SOURCE RECORDS: Begin
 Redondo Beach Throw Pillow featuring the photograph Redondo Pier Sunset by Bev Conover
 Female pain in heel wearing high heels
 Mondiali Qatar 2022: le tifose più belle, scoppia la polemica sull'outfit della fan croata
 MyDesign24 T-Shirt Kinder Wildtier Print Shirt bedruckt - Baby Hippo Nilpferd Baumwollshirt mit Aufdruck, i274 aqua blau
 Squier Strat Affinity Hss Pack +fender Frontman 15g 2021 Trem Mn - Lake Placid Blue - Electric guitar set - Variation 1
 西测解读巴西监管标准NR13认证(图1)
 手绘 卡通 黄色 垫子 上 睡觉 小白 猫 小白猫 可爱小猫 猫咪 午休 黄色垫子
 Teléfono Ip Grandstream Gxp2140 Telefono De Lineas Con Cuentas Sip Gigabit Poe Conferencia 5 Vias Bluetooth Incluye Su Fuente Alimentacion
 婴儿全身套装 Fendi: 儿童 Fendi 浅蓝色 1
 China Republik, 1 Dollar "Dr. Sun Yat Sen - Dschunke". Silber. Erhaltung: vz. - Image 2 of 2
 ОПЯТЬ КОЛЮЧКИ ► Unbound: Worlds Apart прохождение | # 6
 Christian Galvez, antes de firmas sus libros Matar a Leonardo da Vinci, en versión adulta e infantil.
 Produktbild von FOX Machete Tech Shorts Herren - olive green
SOURCE RECORDS: End
Write the material out again in its entirety, exactly as shown.

 Redondo Beach Throw Pillow featuring the photograph Redondo Pier Sunset by Bev Conover
 Female pain in heel wearing high heels
 Mondiali Qatar 2022: le tifose più belle, scoppia la polemica sull'outfit della fan croata
 MyDesign24 T-Shirt Kinder Wildtier Print Shirt bedruckt - Baby Hippo Nilpferd Baumwollshirt mit Aufdruck, i274 aqua blau
 Squier Strat Affinity Hss Pack +fender Frontman 15g 2021 Trem Mn - Lake Placid Blue - Electric guitar set - Variation 1
 西测解读巴西监管标准NR13认证(图1)
 手绘 卡通 黄色 垫子 上 睡觉 小白 猫 小白猫 可爱小猫 猫咪 午休 黄色垫子
 Teléfono Ip Grandstream Gxp2140 Telefono De Lineas Con Cuentas Sip Gigabit Poe Conferencia 5 Vias Bluetooth Incluye Su Fuente Alimentacion
 婴儿全身套装 Fendi: 儿童 Fendi 浅蓝色 1
 China Republik, 1 Dollar "Dr. Sun Yat Sen - Dschunke". Silber. Erhaltung: vz. - Image 2 of 2
 ОПЯТЬ КОЛЮЧКИ ► Unbound: Worlds Apart прохождение | # 6
 Christian Galvez, antes de firmas sus libros Matar a Leonardo da Vinci, en versión adulta e infantil.
 Produktbild von FOX Machete Tech Shorts Herren - olive green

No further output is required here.